Downregulation of spermatogenesis-associated transcripts in the spermatozoa of idiopathic infertile men

Andrology. 2025 May 10. doi: 10.1111/andr.70060. Online ahead of print.

Abstract

Background: Approximately half of male factor infertility cases are idiopathic, indicating a need for new methods to supplement male fertility assessment.

Objectives: The objective of this study was to identify differences in the sperm transcriptomes of men with different clinical fertility status. We hypothesized that sperm mRNA profiling could distinguish men presenting for fertility assessment from proven fertile men.

Materials and methods: We compared two groups of study participants: men who presented for infertility assessment (n = 53, "infertility"), and men without a history of infertility who had fathered a child and were presenting for vasectomy (n = 14, "proven fertile" control). Study participants provided a semen sample for semen analysis and sperm mRNA sequencing. Differentially abundant genes were identified, and a gene expression summary score was constructed to test the ability of RNA-seq data to differentiate between study populations.

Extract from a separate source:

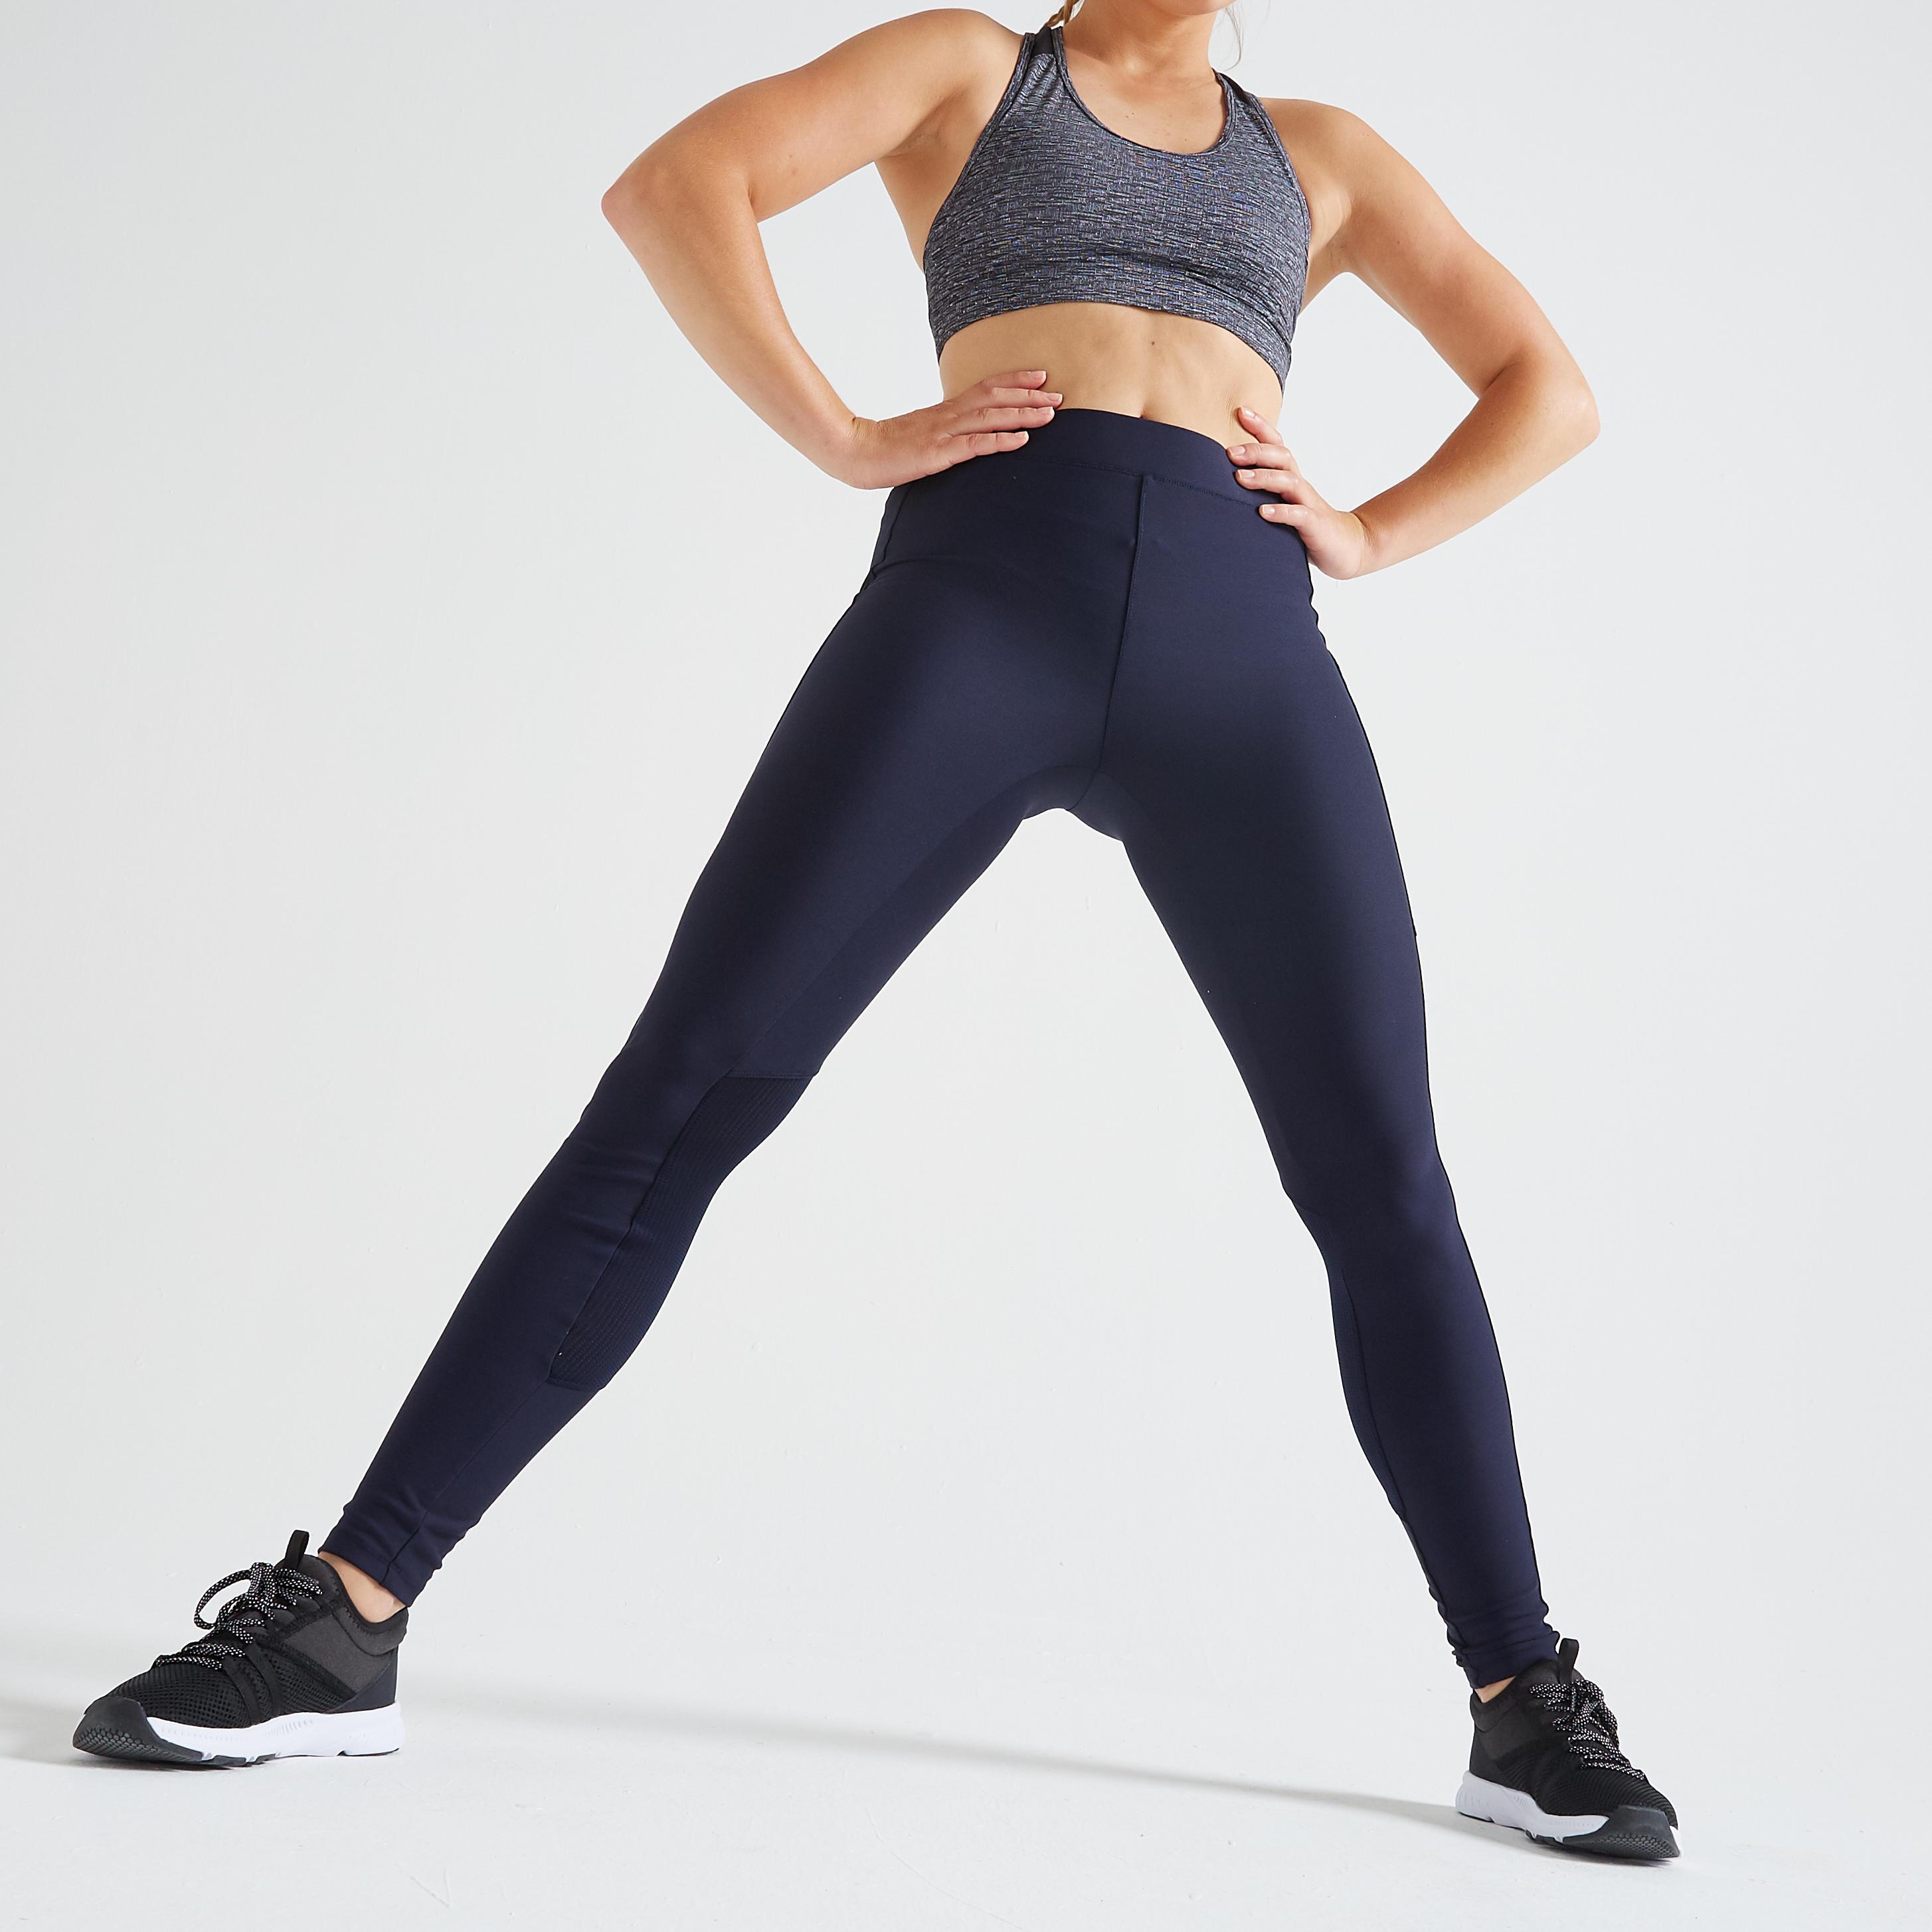 Colanți Fitness 120 Damă
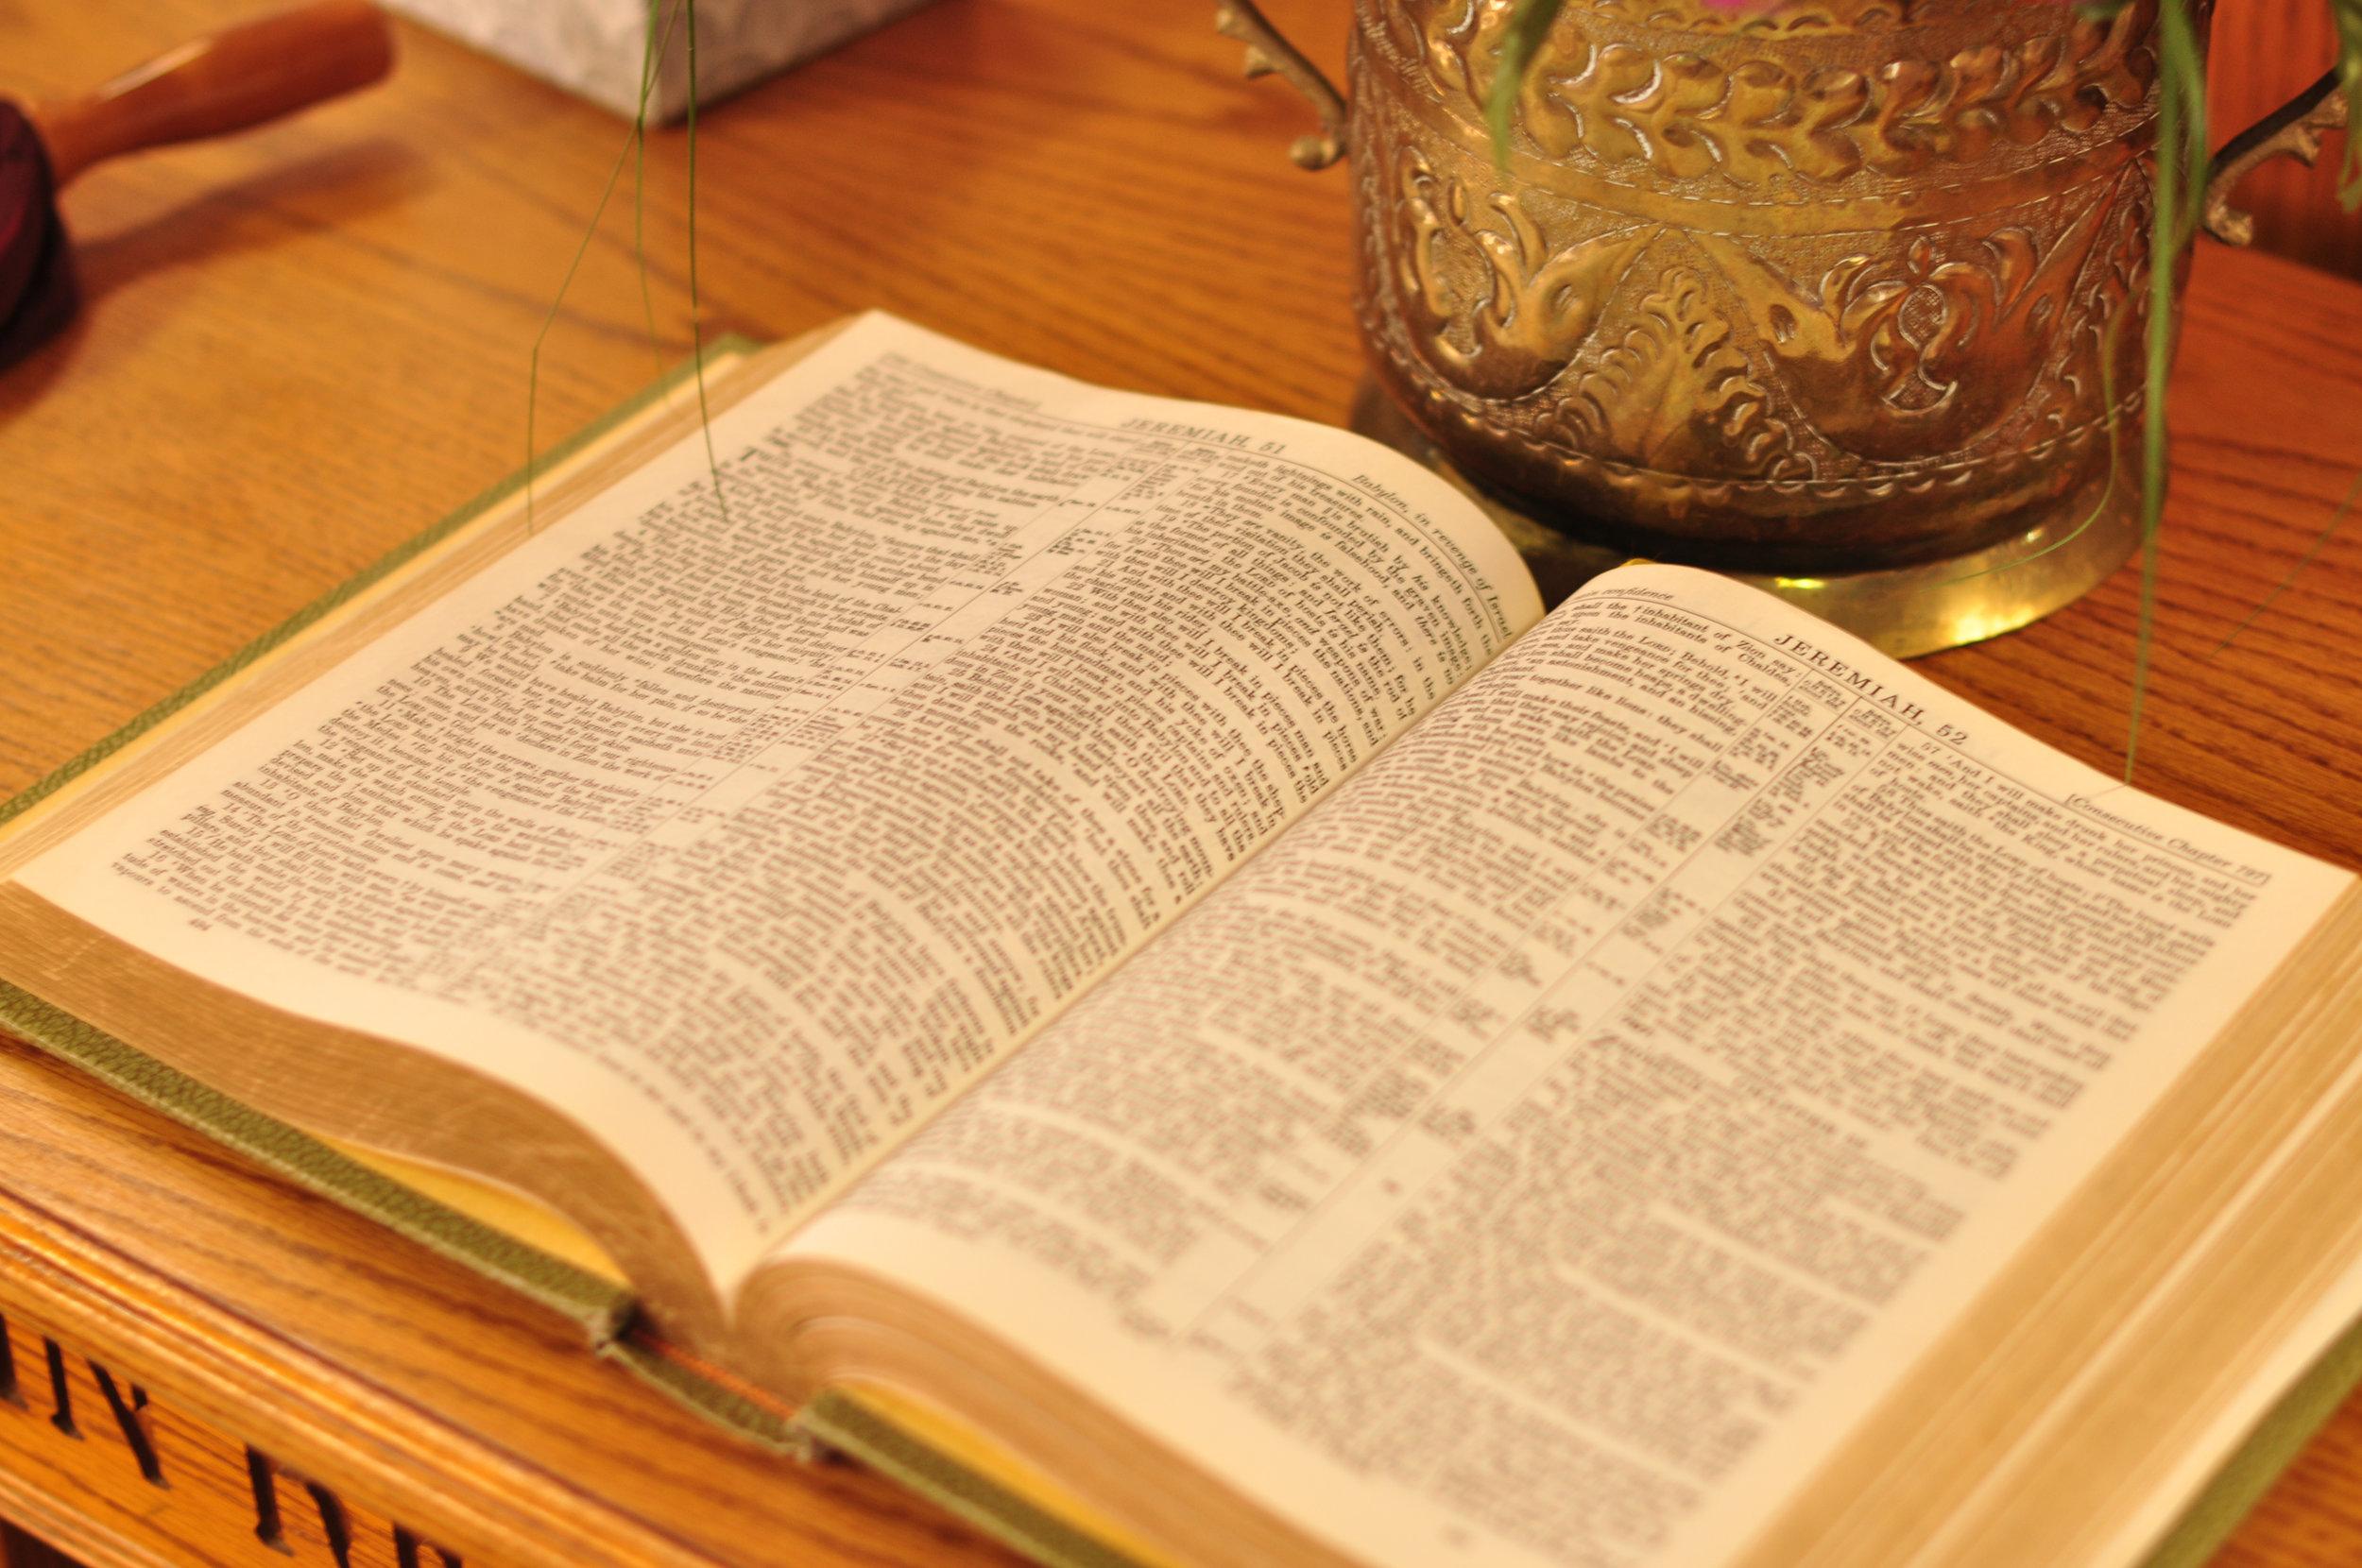 bible-closeup.jpg

Results: The semen parameter that best differentiated between study populations was motility (area under the ROC curve = 0.746). In RNA-seq analysis, 1885 total differentially abundant transcripts were identified (q < 0.05, fold difference ≥ 2), 1004 (53.3%) of which were downregulated in infertility study participants. The Gene Ontology term, spermatogenesis, was enriched, with 40 out of 44 differentially abundant genes downregulated in infertility study participants. A gene expression summary score consisting of 100 upregulated and 100 downregulated genes was able to differentiate between the two groups of study participants.

Discussion: Sperm mRNAs differed between proven fertile and infertility study men. Known fertility-associated genes, including PRM1 and PRM2, and potentially novel fertility markers, including HOOK1 and SPATA6, were downregulated in infertility study samples. Future studies should test these results for reproducibility and test whether novel biomarker candidates can provide mechanistic information about etiologies of idiopathic male infertility.

Conclusion: Our results support the hypothesis that sperm mRNA abundance differs by clinical fertility status.

Keywords: biomarkers; infertility; spermatozoa; transcriptomics.